What is expected:
Return exactly the lines of the records below, starting at the line that contains "The Coyote is" and ending at the line that contains "A General officer's", with both of those lines kept.

╭─ Input material

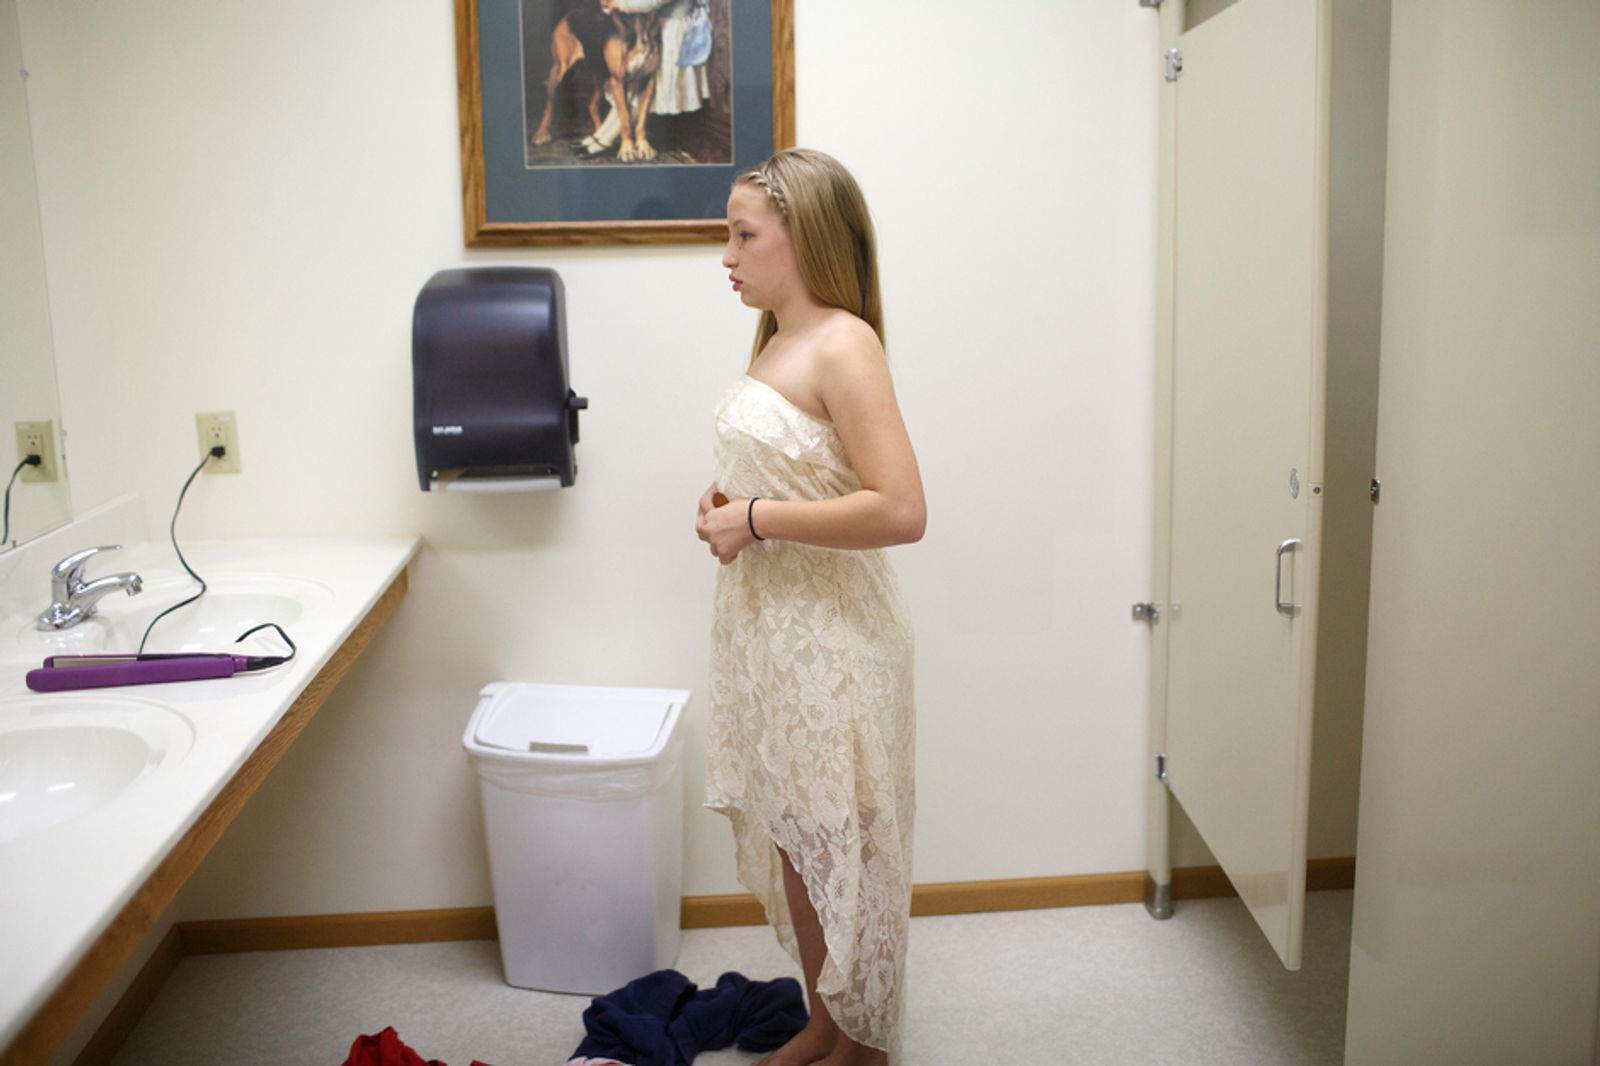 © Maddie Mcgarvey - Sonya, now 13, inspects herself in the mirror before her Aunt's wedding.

╰─
╭─ Input material

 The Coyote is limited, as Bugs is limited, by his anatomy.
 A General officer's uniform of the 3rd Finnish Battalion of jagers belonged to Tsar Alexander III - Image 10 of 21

╰─
╭─ Input material

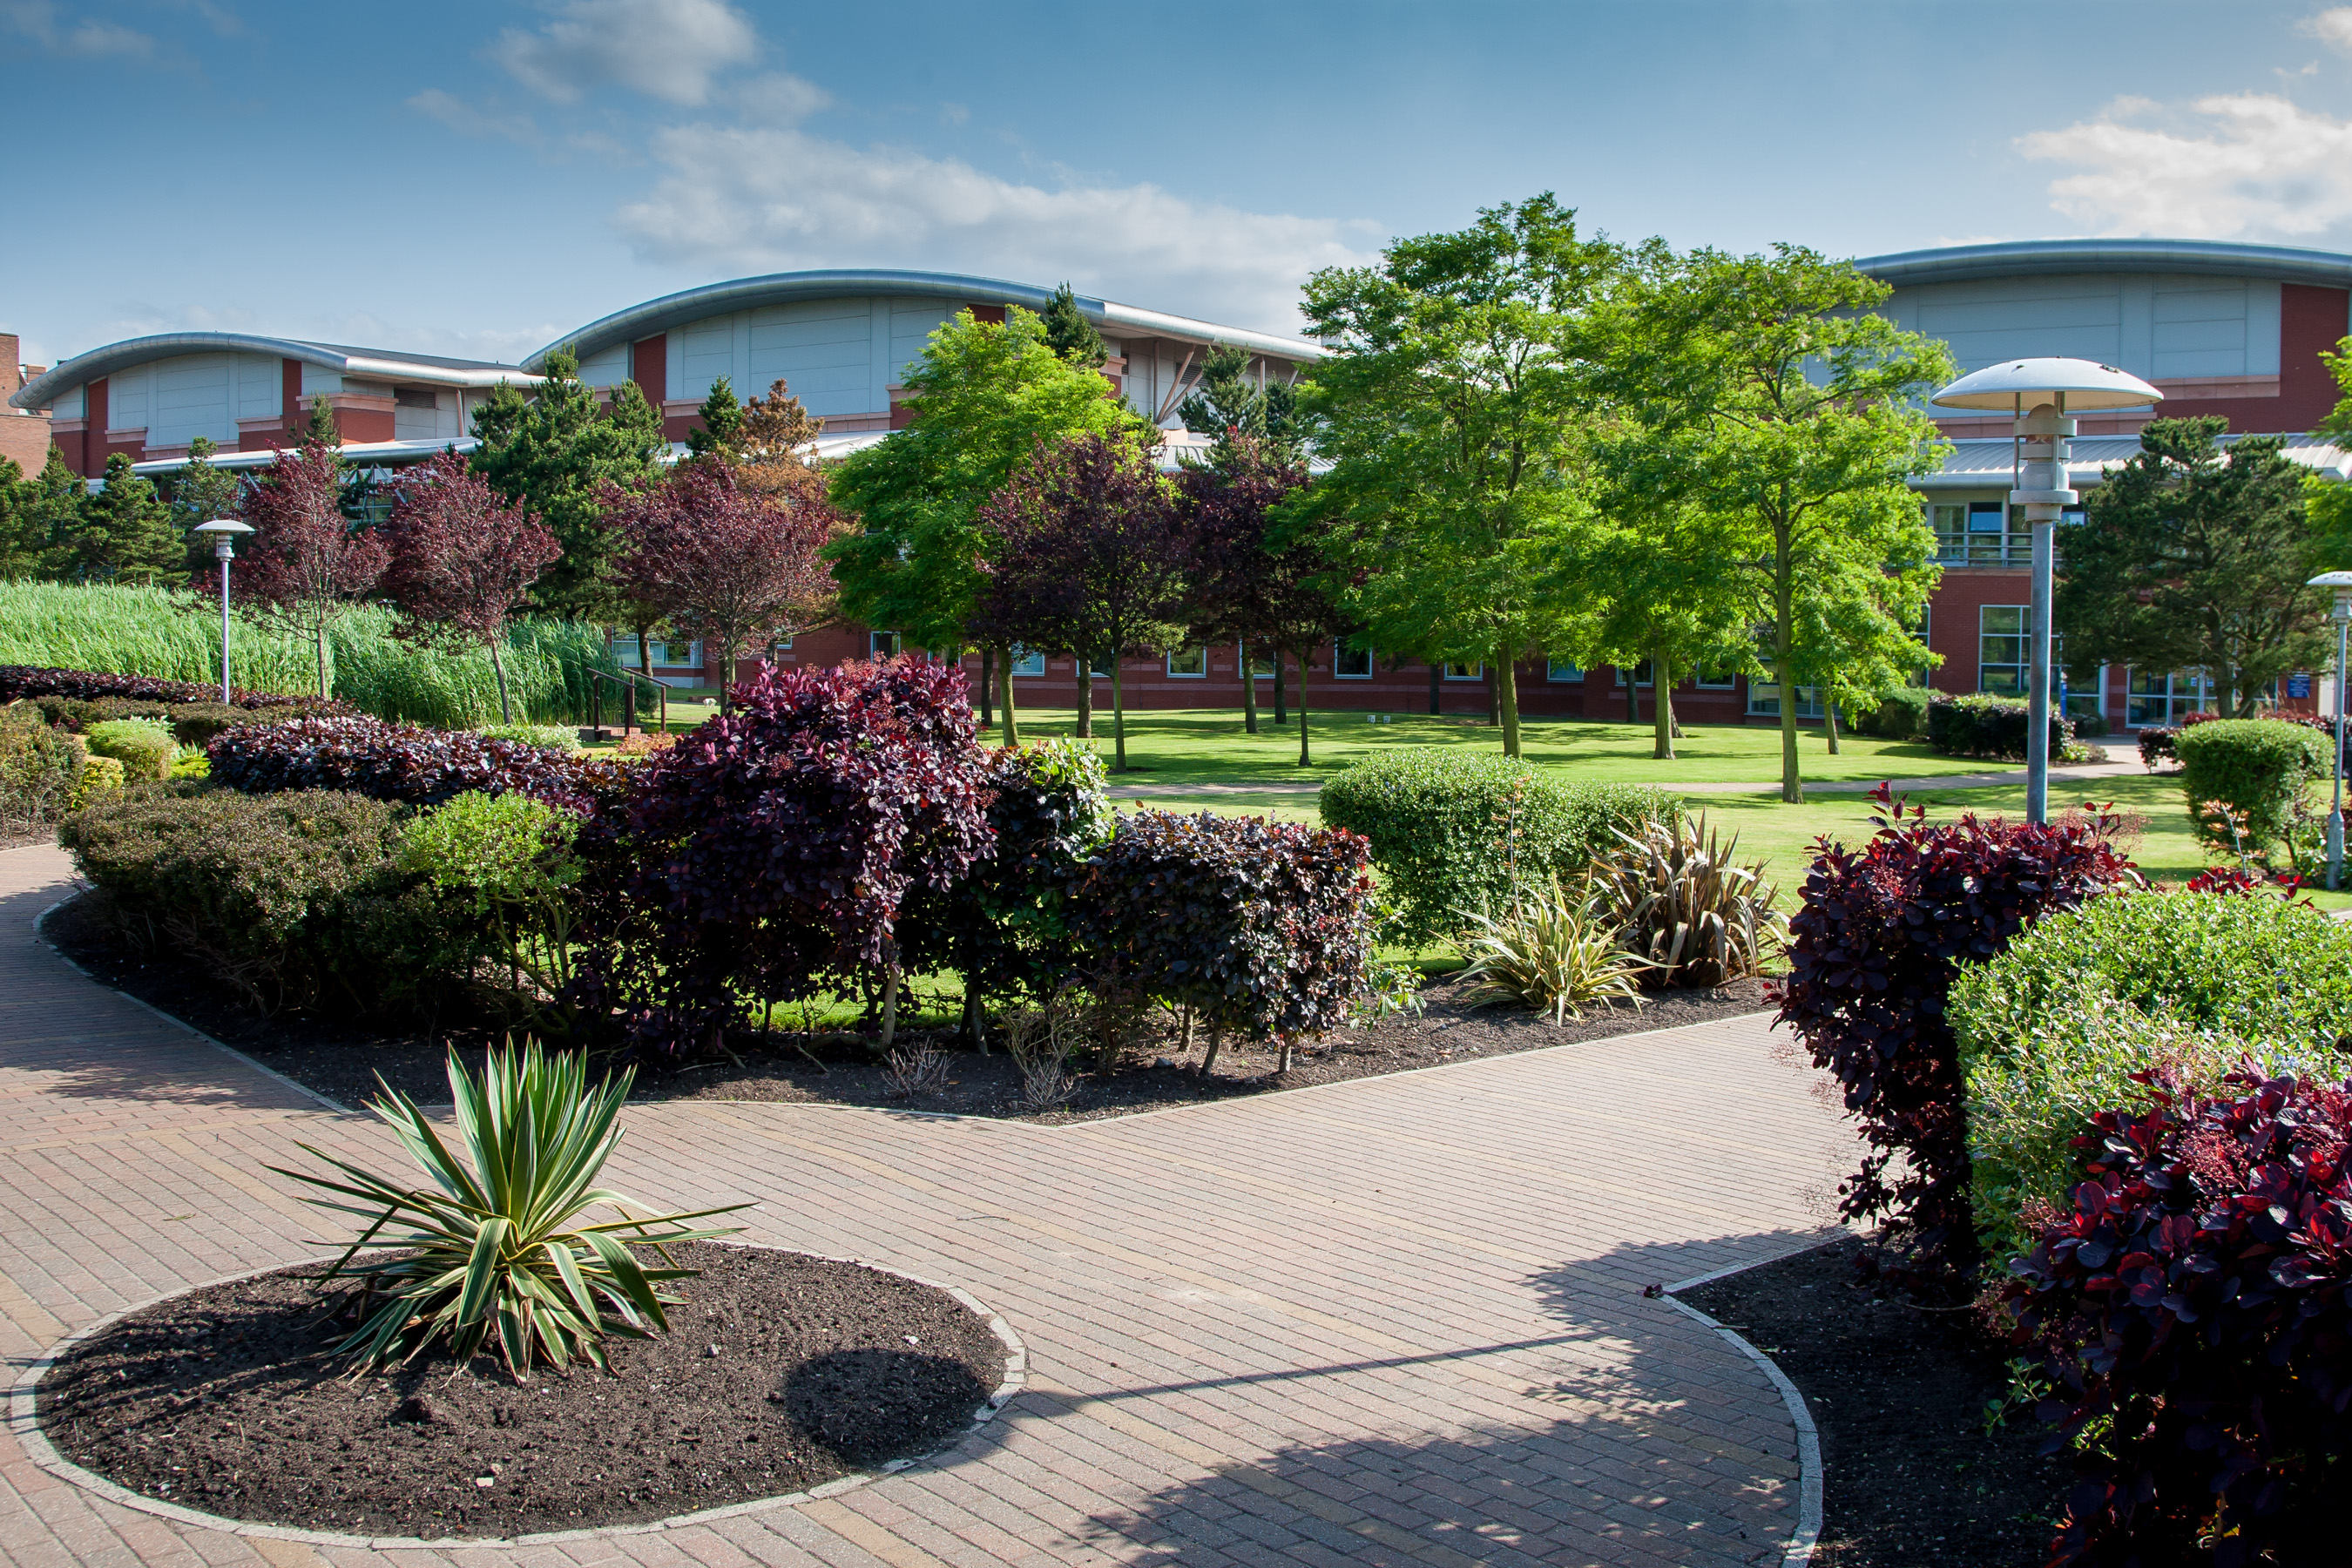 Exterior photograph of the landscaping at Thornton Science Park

╰─

Response below:
 The Coyote is limited, as Bugs is limited, by his anatomy.
 A General officer's uniform of the 3rd Finnish Battalion of jagers belonged to Tsar Alexander III - Image 10 of 21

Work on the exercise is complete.